Authenticity is risky. When you show people who you really are, the messy parts, the uncertain parts, the parts that don’t fit neatly into anyone’s expectations, you open yourself up to criticism or rejection.
But you also open yourself up to real connection. To being seen. To finding your people.
These days, I try to bring that same authenticity to everything. My writing. My friendships. The way I interact with other parents at the playground. Not performing or pretending, just being.
It’s not always comfortable. Some people won’t get it. But the people who do? Those connections are worth everything.
If you’ve chosen to show up authentically in any area of your life, sharing your real struggles, admitting you don’t have it all figured out, being honest about who you are, you’ve demonstrated courage that most people only dream about.
Conclusion
That rejection email I mentioned at the beginning? I responded to the editor thanking them for their consideration, then I opened a new document and started working on a different piece. Because that’s what you do when you’ve overcome real challenges, you keep going.

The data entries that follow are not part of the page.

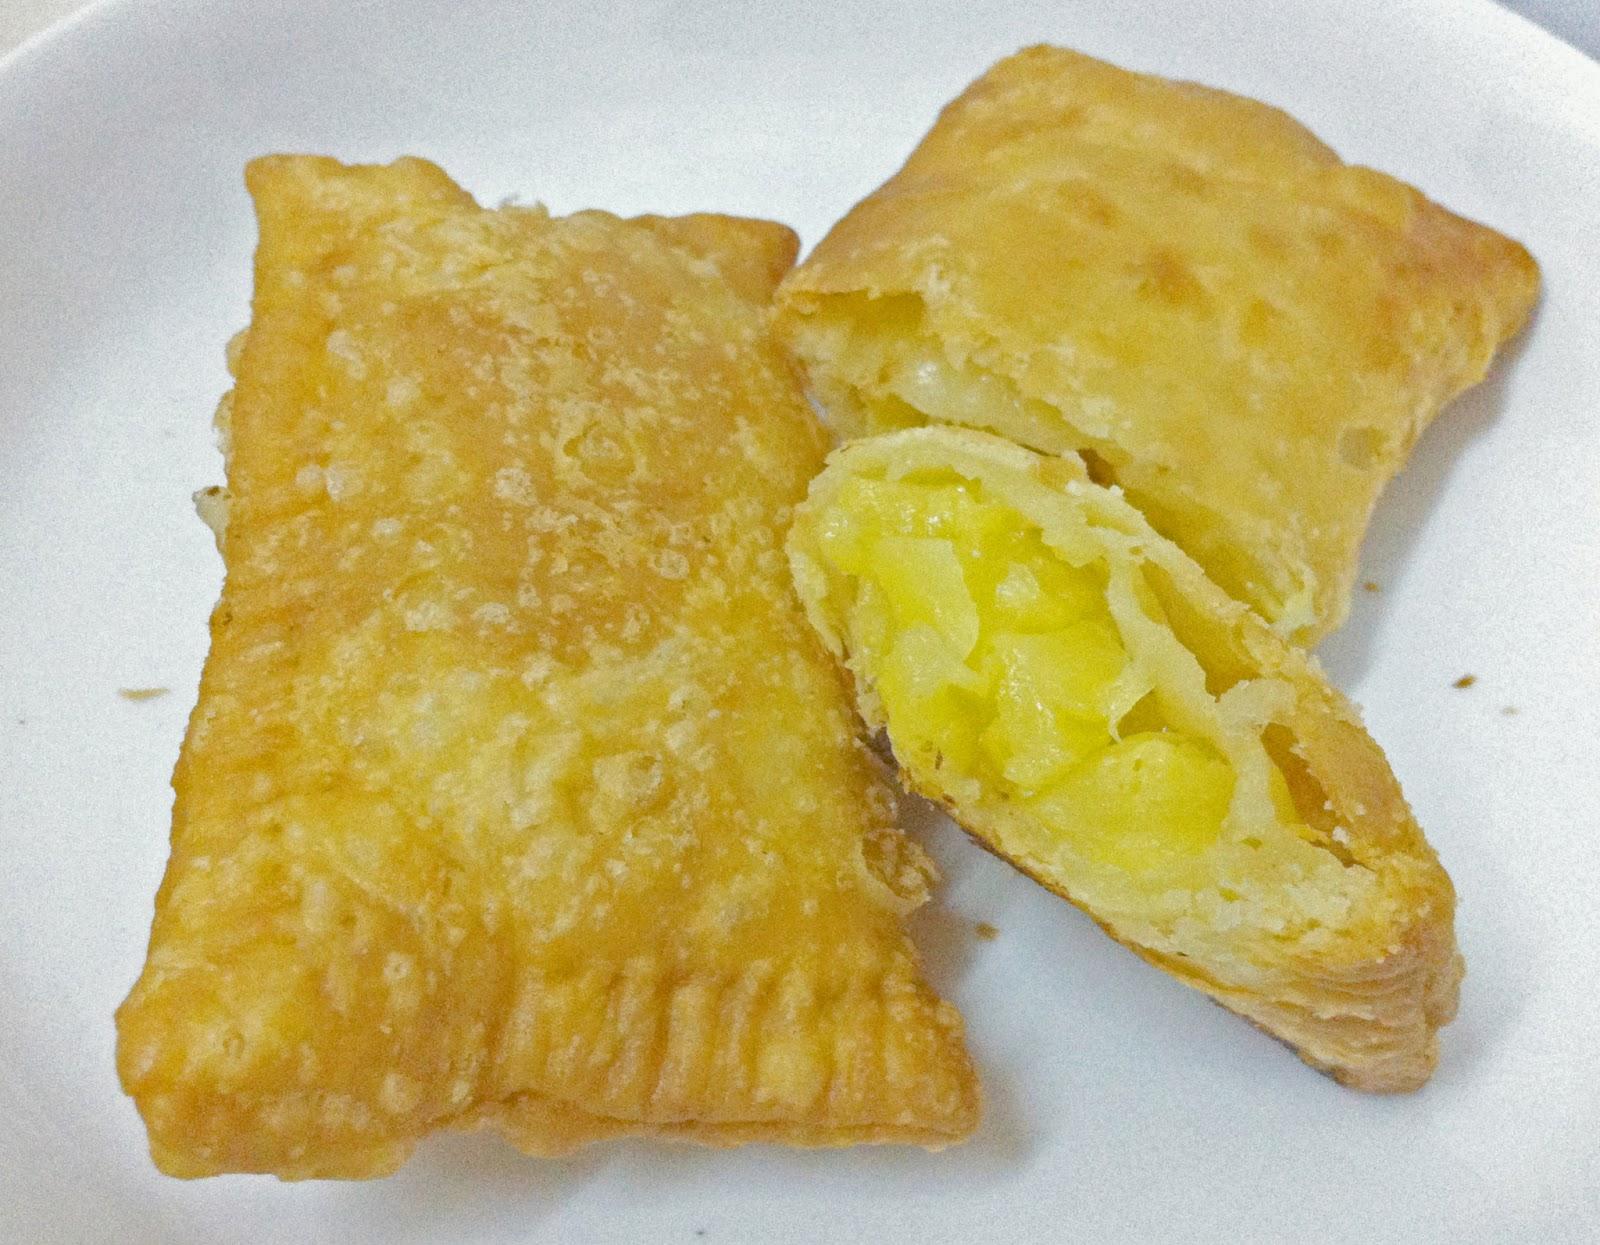 Dia Berkata: Make fried fruit pie now.
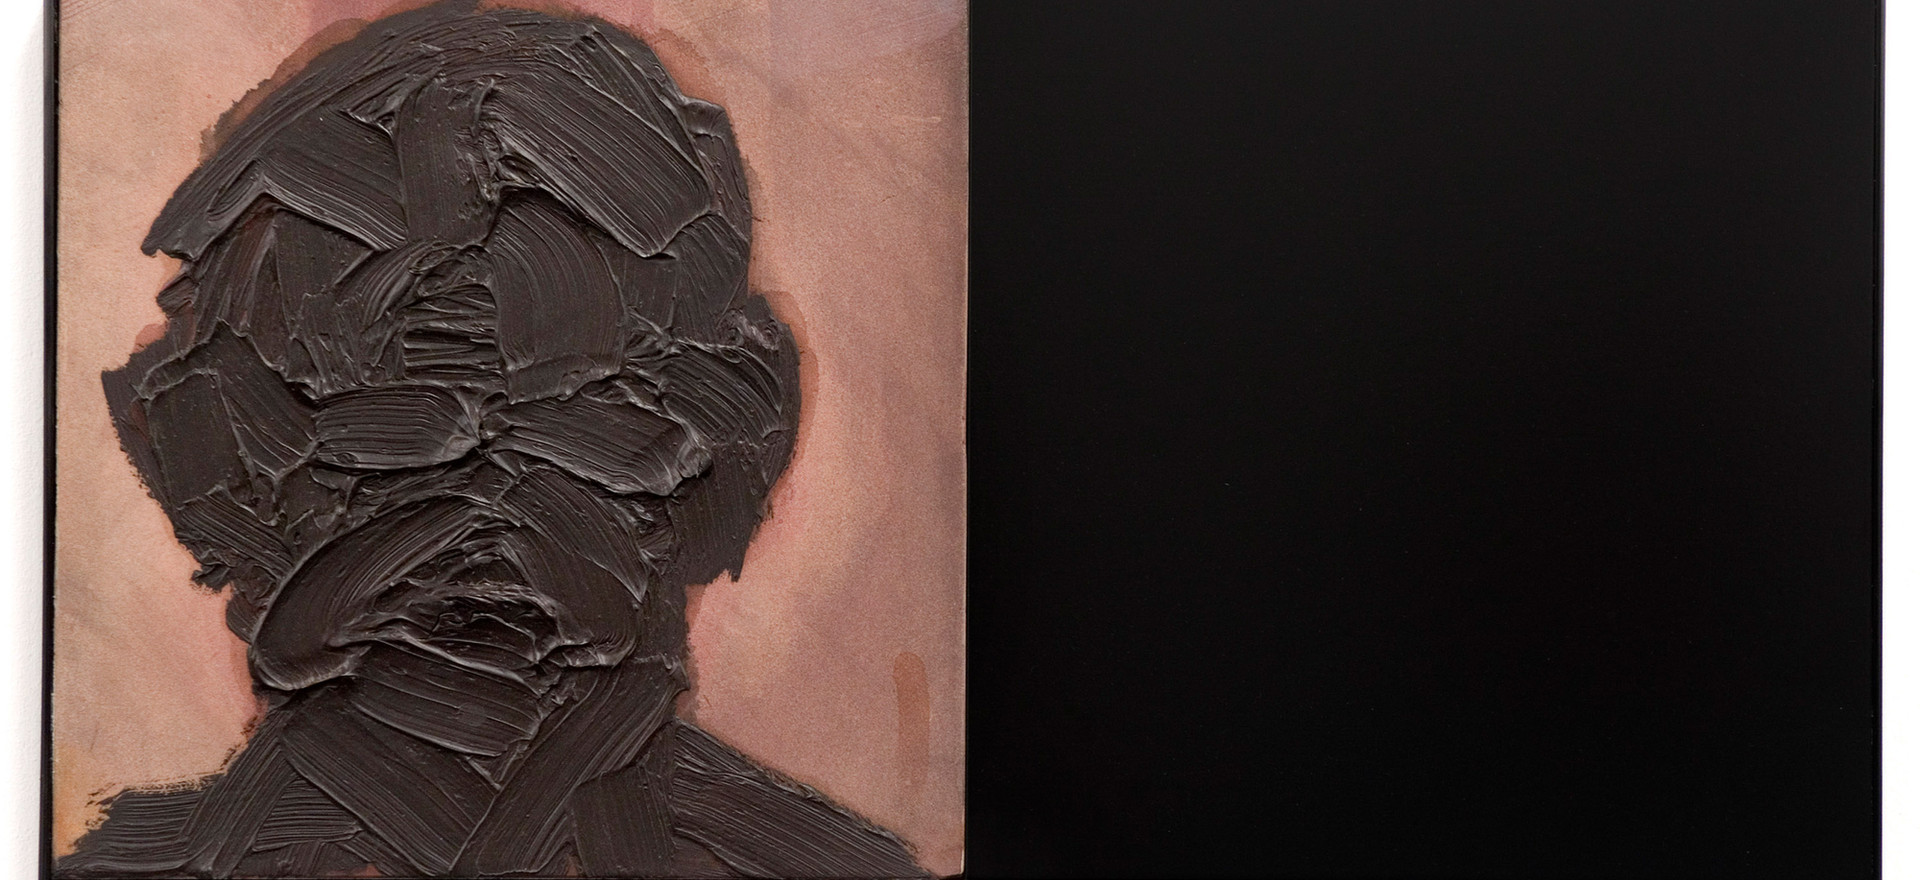 'Written', 2009, oil on sandstone, sprayed supawood, Perspex, 31 x 61 x 3.5cm
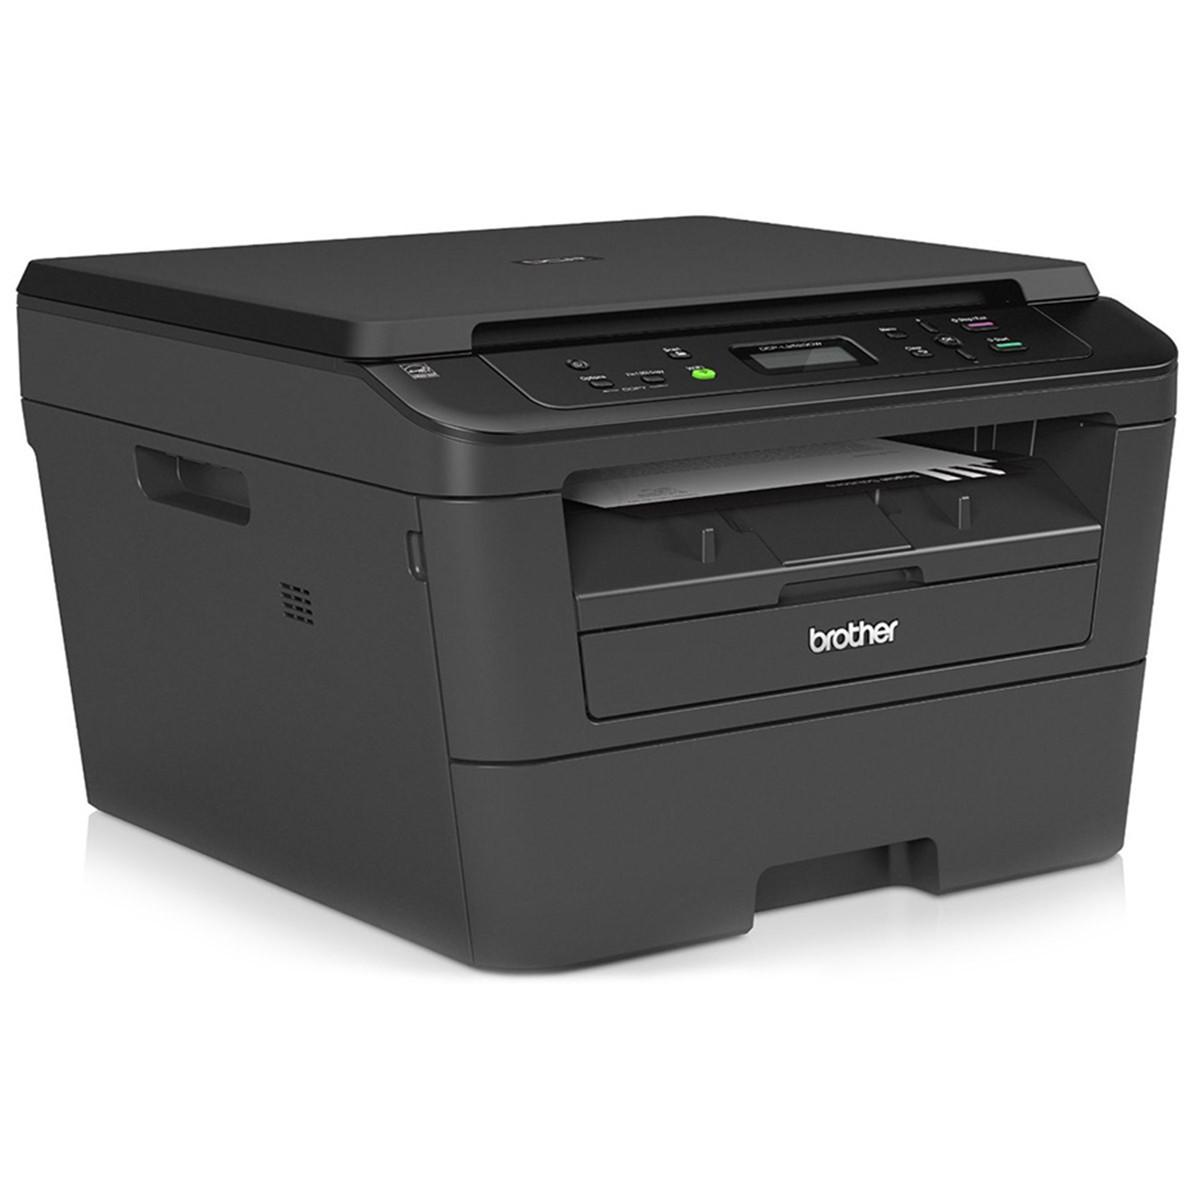 Impressora Brother DCP-L2520DW DCP-L2520 Multifuncional Laser Monocromática com Wireless e Duplex
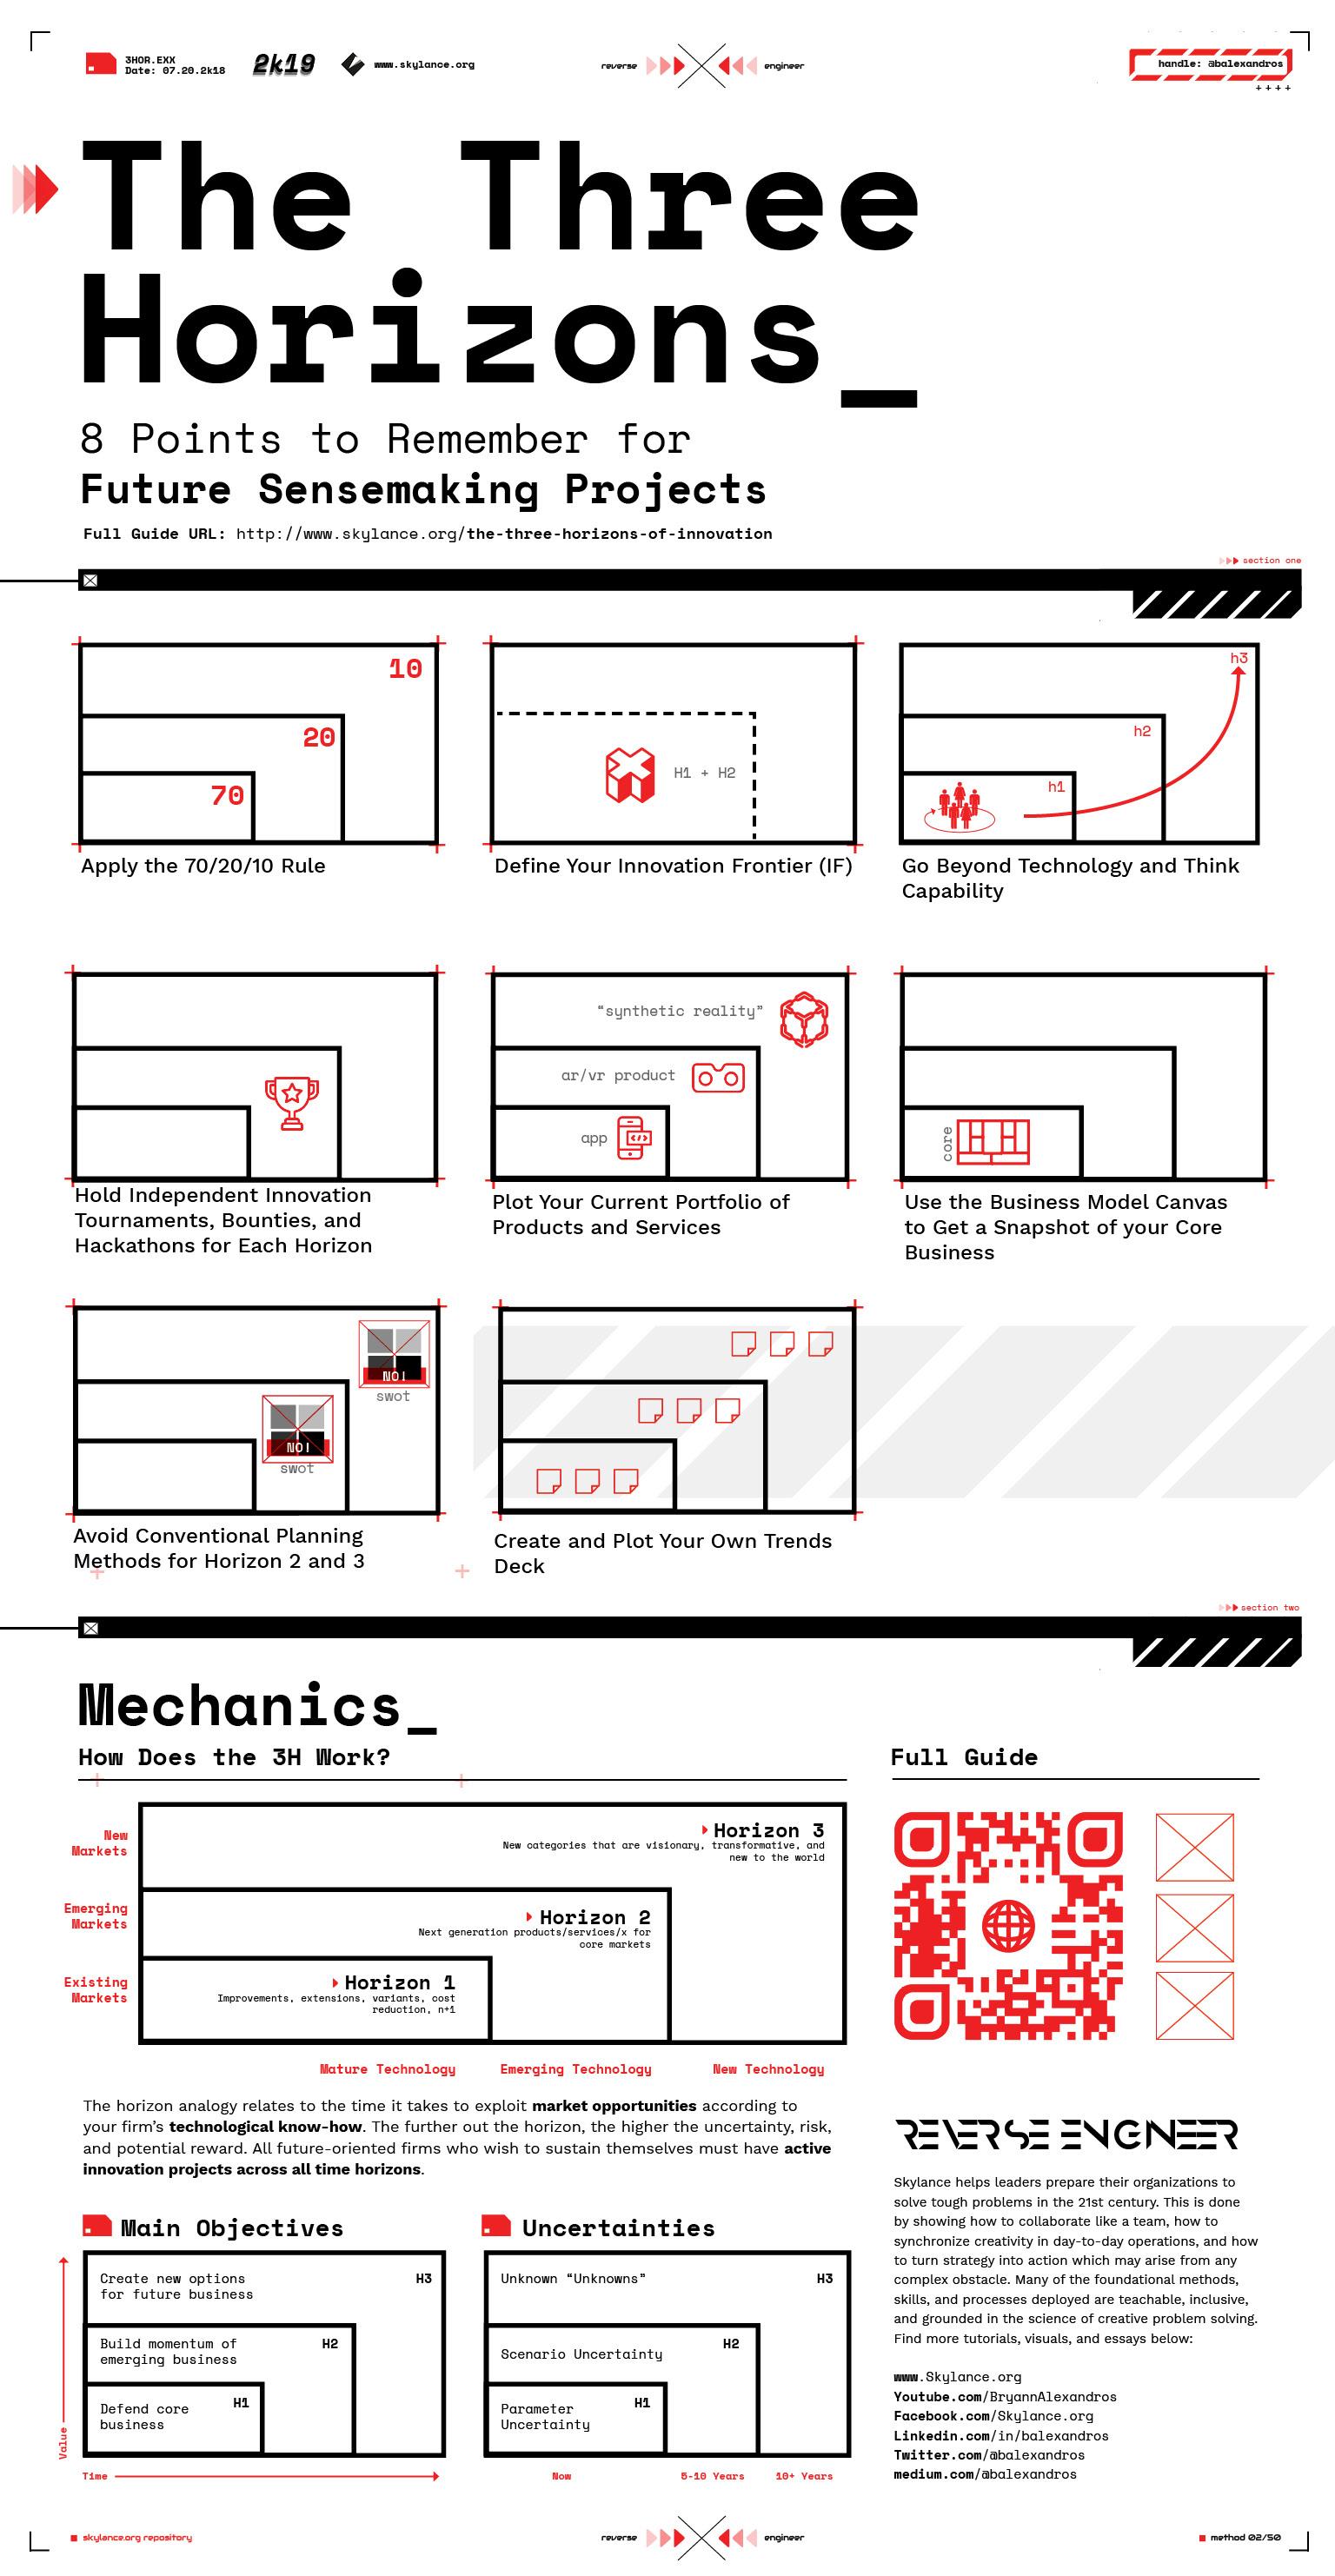 3-horizons-infographic-black-linkedin-version.jpg

Success isn’t a destination or a single achievement. It’s the accumulation of all the hard things you’ve faced and worked through. The boundaries you’ve set. The grief you’ve carried. The help you’ve asked for. The authenticity you’ve chosen.
Matt and I were talking last night after we got the kids to bed, our usual evening check-in where we ask each other “How was your day really?” I told him about writing this article and realizing how much we’ve actually overcome in the past few years.
He squeezed my hand. “We’re doing okay,” he said. And he’s right. We are. Not perfect. Not Instagram-worthy. But okay. More than okay, actually.
If you’ve overcome even a few of these eight challenges, please give yourself credit. You’re stronger than you realize. More capable than you give yourself account for. More successful than any external measure could capture.
The wins that matter most don’t come with certificates or social media likes. They’re the quiet moments when you choose growth over comfort, connection over perfection, and keep showing up even when it’s hard.
That’s real success. And if you’ve done that? You’re already winning.